The need for insurance was triggered when the Astragal Condominium Unit Owners Association filed a construction defect claim in the Arizona Superior Court. CFTDC filed a third-party claim against several subcontractors. The case was settled with American Family paying the settlement, after which it filed seeking reimbursement from the subcontractor’s insurers. The court instead granted summary judgment in favor of Ohio Casualty and National Fire.
American Family appealed to the Ninth Circuit for a review of the summary judgment, arguing that the “other insurance” clauses were “mutually repugnant and unenforceable.” The Ninth Circuit cited a case from the Arizona Court of Appeals that held that “where two policies cover the same occurrence and both contain ‘other insurance’ clauses, the excess insurance provisions are mutually repugnant and must be disregarded.
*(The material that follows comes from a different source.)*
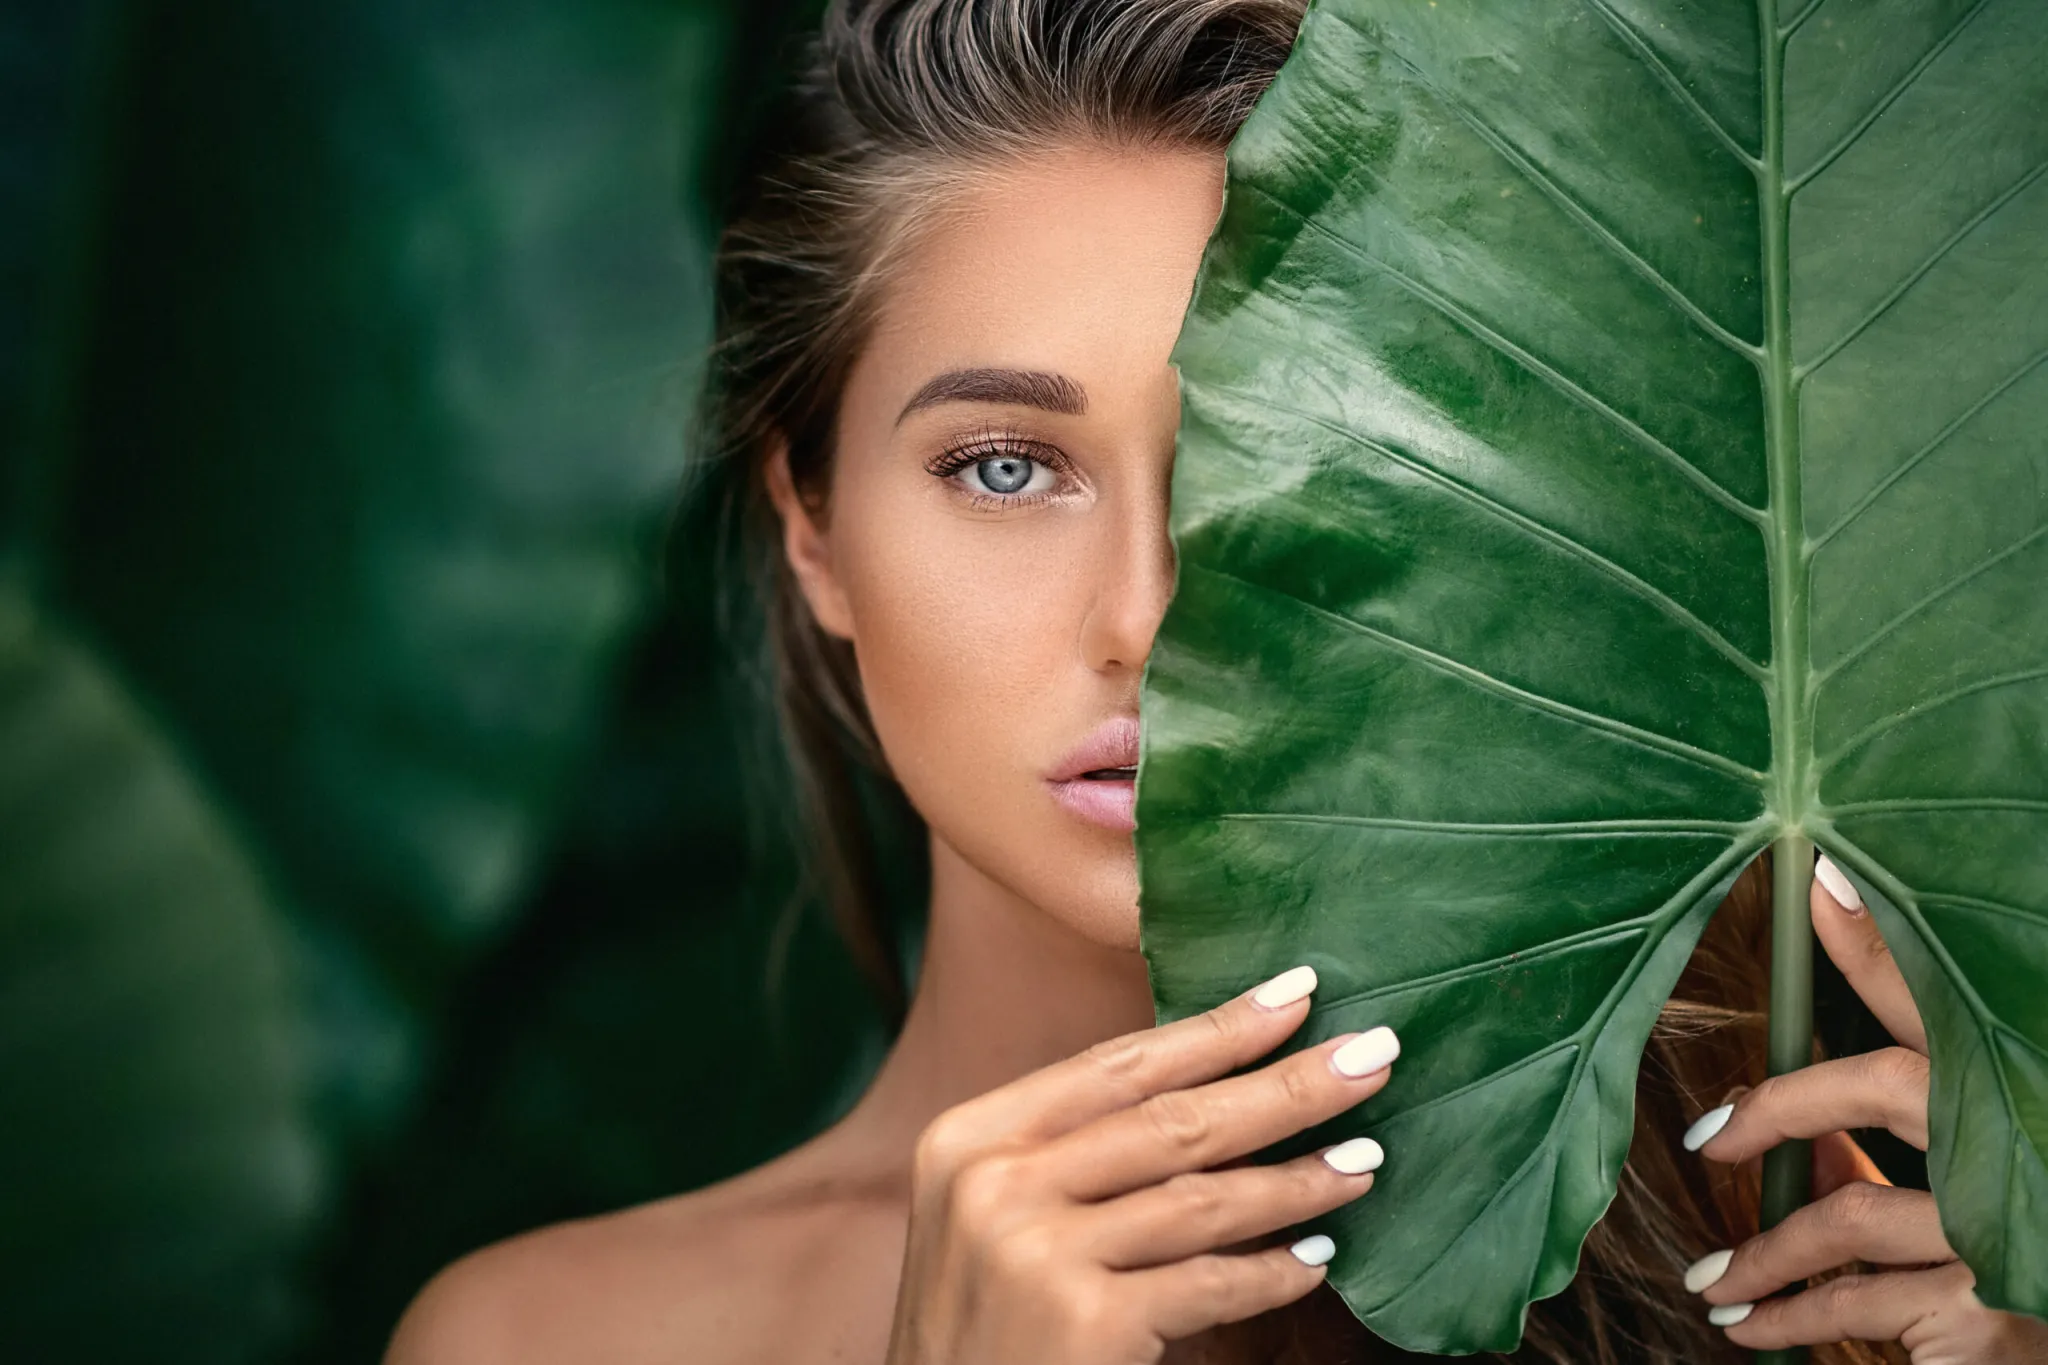 Young woman with a smooth skin holding monstera deliciosa plant leaf | Walnut Creek Aesthetics in Walnut Creek, CA

Each insurer is then liable for a pro rate share of the settlement or judgment.”
The court noted that unlike other “other insurance” cases, the American Family policy “states that it provides primary CGL coverage for CFTDC and is rendered excess only if there is ‘any other primary insurance’ available to GFTDC as an additional insured.” They note that “the American Family policy purports to convert from primary to excess coverage only if CFTDC has access to other primary insurance as an additional insured.”
In comparison, the court noted that “the ‘other insurance’ language in Ohio Casualty’s additional insured endorsement cannot reasonably be read to contradict, or otherwise be inconsistent with, the ‘other primary insurance’ provision in the American Family policy.” They find other reasons why National Fire’s coverage did not supersede American Family’s. In this case, the policy is “written explicitly to apply in excess.”
Finally, the Astragal settlement did not exhaust American Family’s coverage, so they were obligated to pay out the full amount. The court upheld the summary dismissal of American Family’s claims.